Our solution integrates TF-IDF vectorization with Logistic Regression for baseline performance evaluation, leveraging Word2Vec embeddings initialized within an LSTM architecture for enhanced semantic understanding. We use NLTK for tokenization and cleaning, and TF-IDF for feature extraction. Logistic Regression is fine-tuned via GridSearchCV, and an LSTM model is trained in Keras with pretrained Word2Vec embeddings. Evaluation metrics include accuracy and visualizations like word clouds.
Real-time reviews were collected from various e-commerce websites and social media platforms using web scraping tools like BeautifulSoup and Scrapy.
Focused on cleansing and tokenizing textual reviews, addressing punctuation and stop words, and converting reviews into numerical formats suitable for models like Bag of Words and Word2Vec.
Analyzed sentiment label distribution for balance, visualized brand-specific rating distributions, and examined statistical summaries of review lengths.
- Benchmark Model: CountVectorizer with Multinomial Naive Bayes
- Other Models: TfidfVectorizer with Logistic Regression, Pipeline and GridSearch
- Load pretrained word embedding model.
- Construct embedding layer using embedding matrix as weights.
- Train an LSTM with Word2Vec embedding (embedding layer => LSTM layer => dense layer).

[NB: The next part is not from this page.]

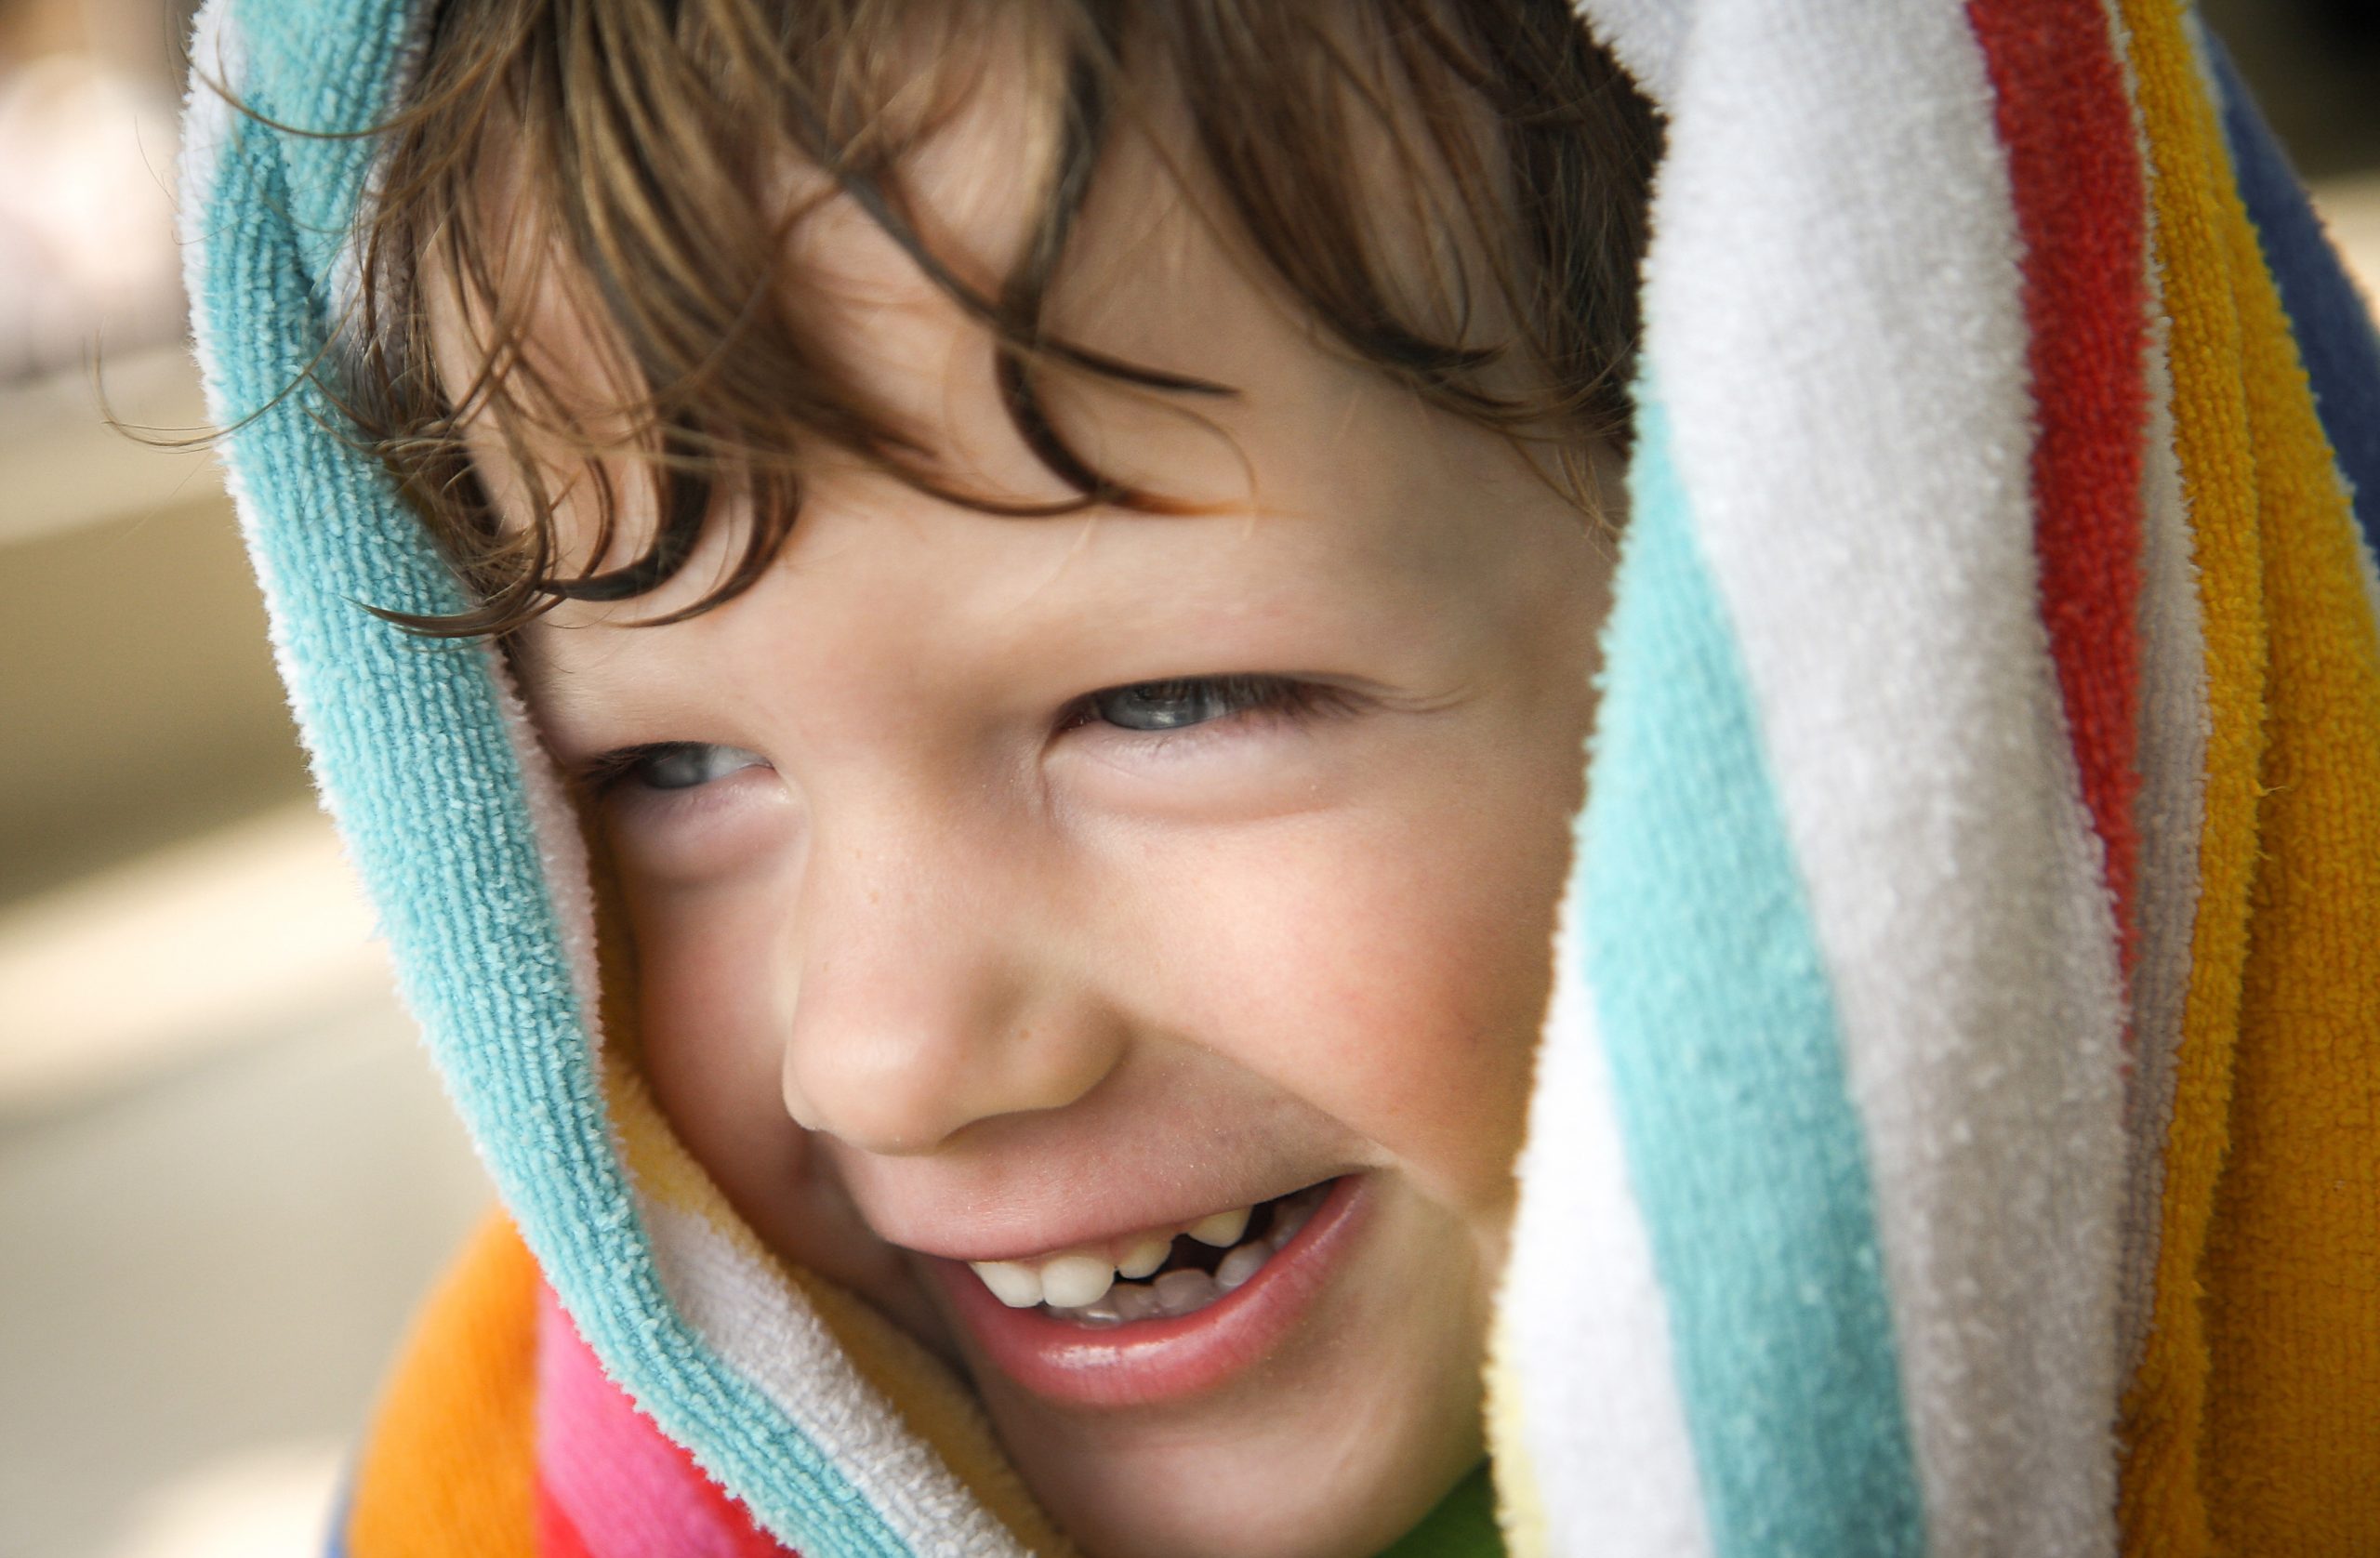 A young boy with a towel wrapped around his head smiles while drying off after getting out of a pool.

- Compile and fit the model using log loss function and ADAM optimizer.
Generated summaries to capture key insights from the sentiment analysis results.
-
Performance and Efficiency:
- Intel processors are praised for their excellent performance in gaming, video editing, and other demanding applications.

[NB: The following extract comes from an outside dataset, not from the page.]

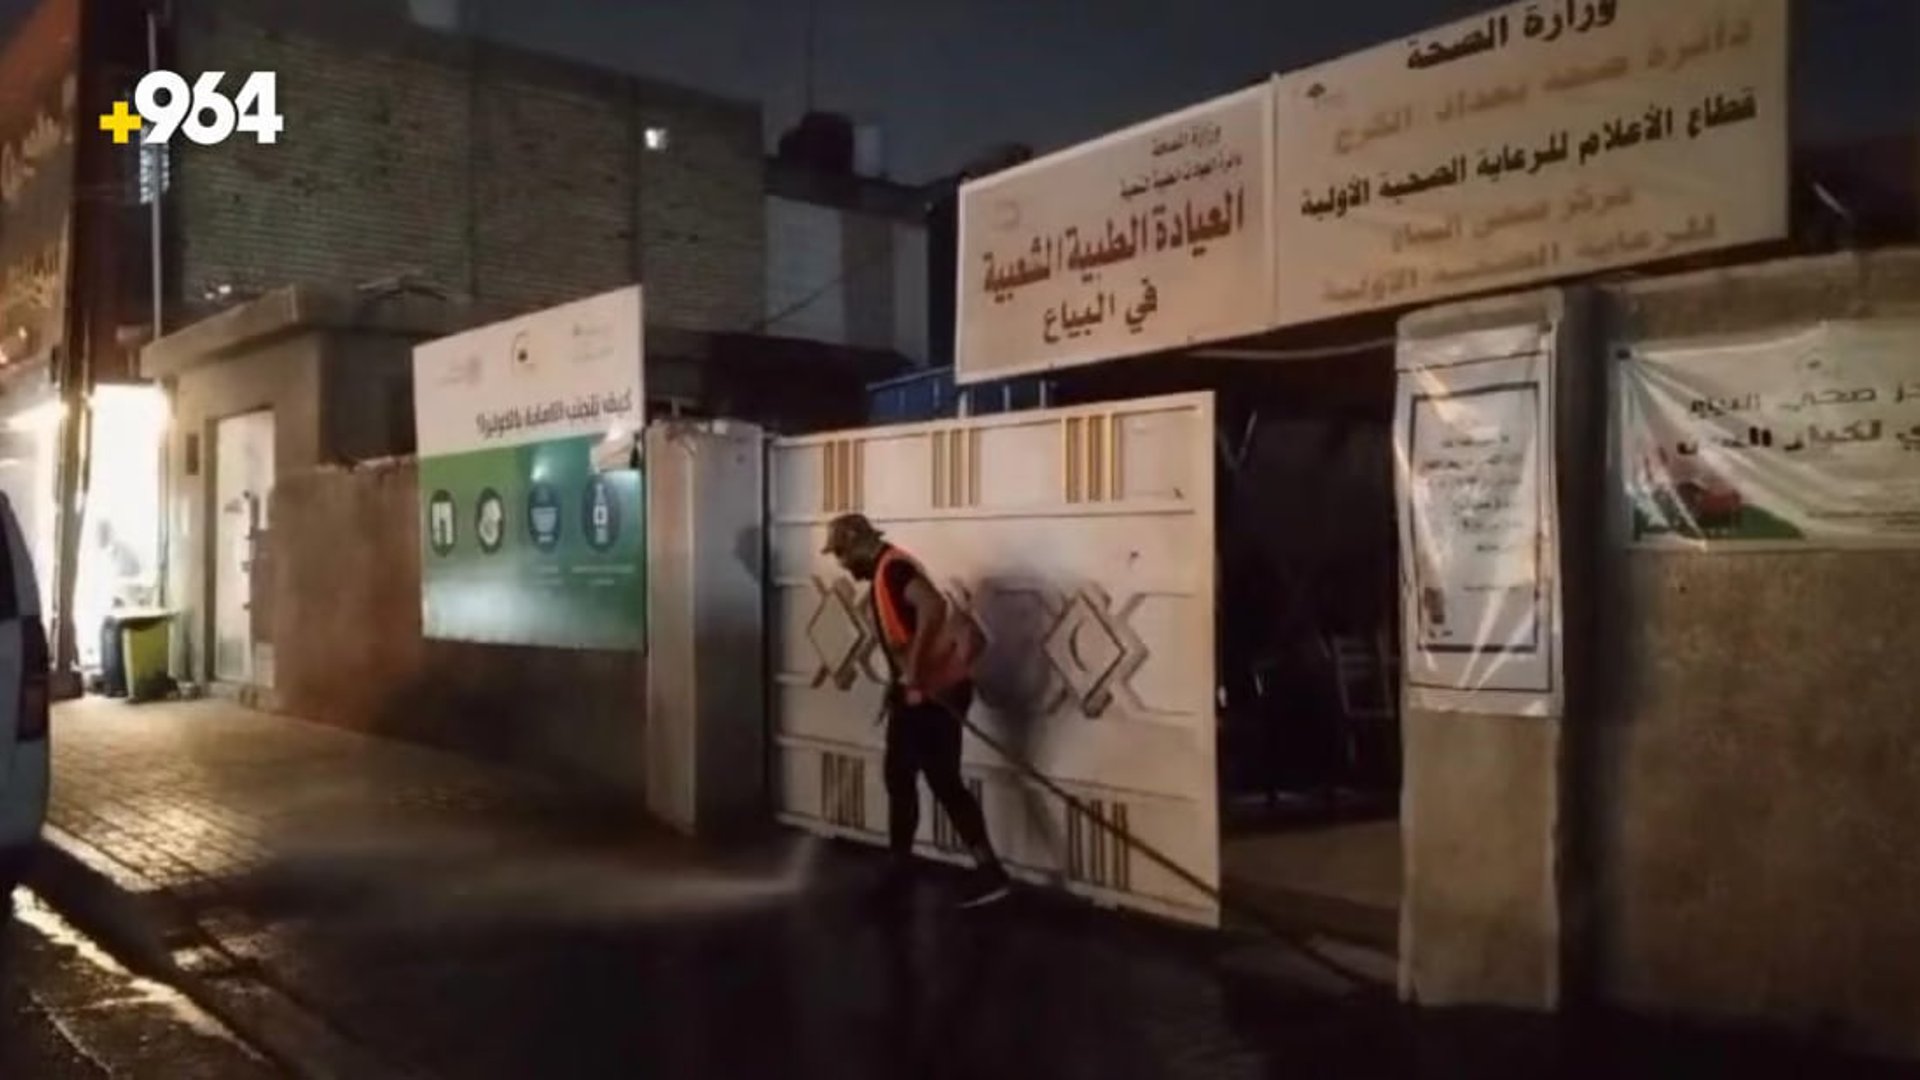 Municipality teams start latenight street cleaning in Baghdads AlBaya district

- The energy efficiency of Intel processors is particularly appreciated, especially during times of energy crisis.
-
Customer Satisfaction:
- Users report high satisfaction with the smooth running and fast performance of Intel processors.
- Many customers highlight the processors as the best choice for gaming and creative professionals.
-
Features and Compatibility:
- Intel processors are valued for their compatibility with various motherboards and components.

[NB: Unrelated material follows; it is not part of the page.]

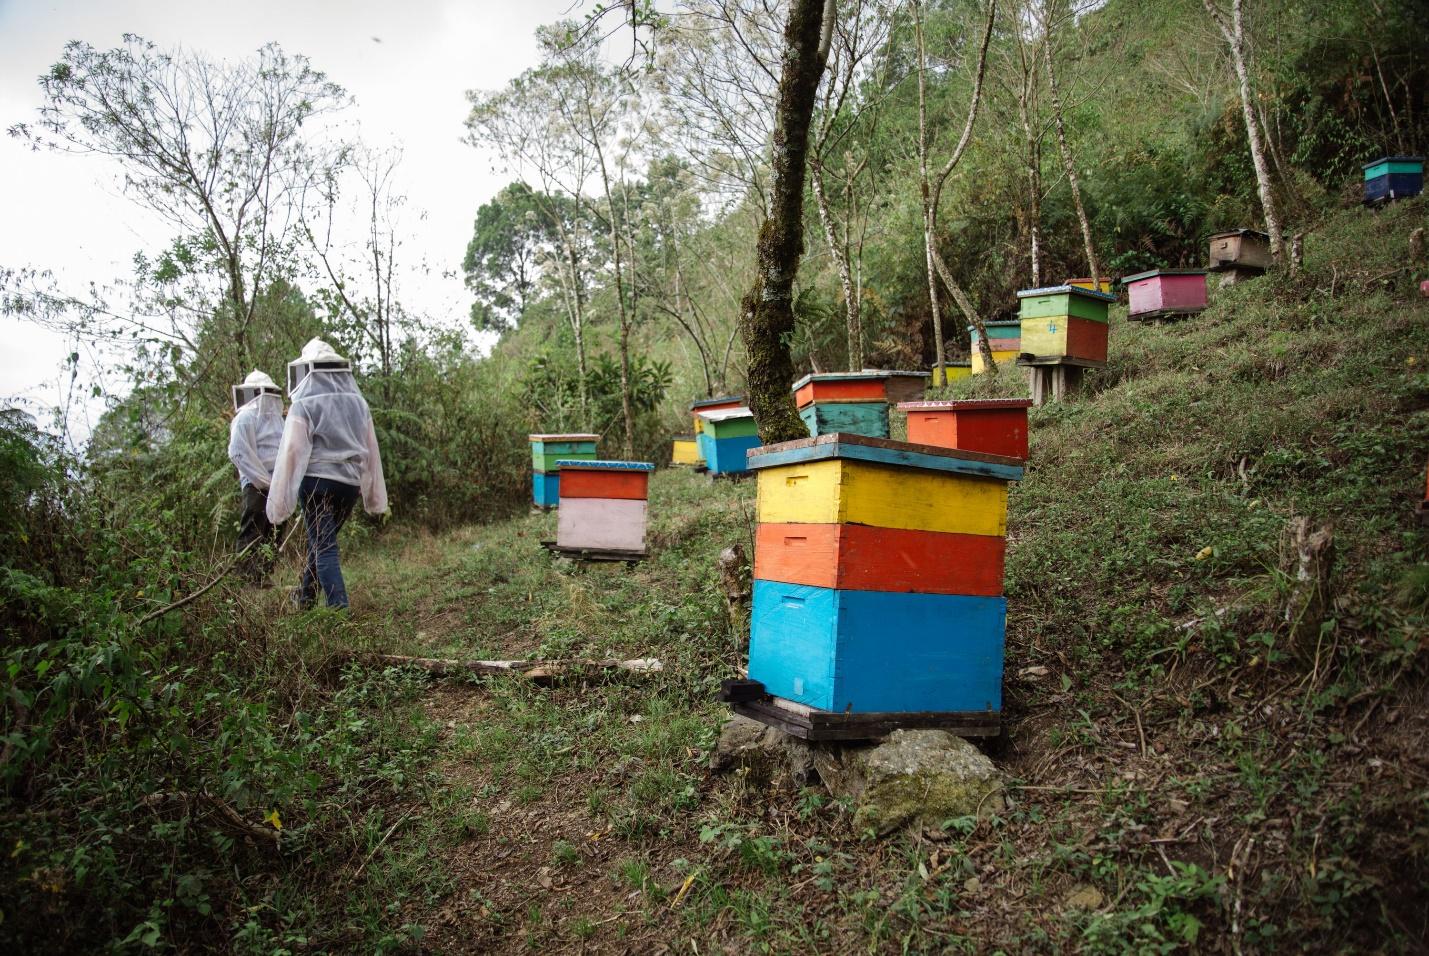 Hives from the beekeeping program at CESMACH cooperative

- Features like multiple cores and high GHz ratings are highly regarded.
-
Customer Experience:
- Positive reviews often mention the enjoyable process of upgrading to Intel processors and the efficient performance once installed.
-
Delivery and Packaging Issues:
- Some customers experienced poor packaging, with processors rattling around loose inside the box or inadequately protected by bubble wrap.
- Instances of receiving used or B-stock products instead of new items have been reported.
-
Quality Control:
- There are complaints about receiving defective or dysfunctional processors.
- Customers have faced issues with processors not performing as expected, requiring multiple adjustments to settings.
-
Performance Concerns:
- Overheating and the need to replace the stock heatsink fan with more efficient air coolers have been mentioned.
-
Cost vs. Performance:
- Some customers feel the high price of Intel processors does not always match the performance gain, leading to buyer’s remorse.
Strengths:
- Well-suited for tasks where order and past information are critical (e.g., sentiment analysis).
- Relatively easy to implement and interpret.
Weaknesses:
- Can struggle with very long sequences due to the vanishing gradient problem.
- May not efficiently capture relationships between distant elements.
Strengths:
- Excel at handling long sequences due to parallel processing and attention mechanism.
- Effective in learning relationships between distant elements.
Weaknesses:
- More computationally expensive to train compared to LSTMs.
- Interpretability can be challenging due to the "black box" nature of attention mechanisms.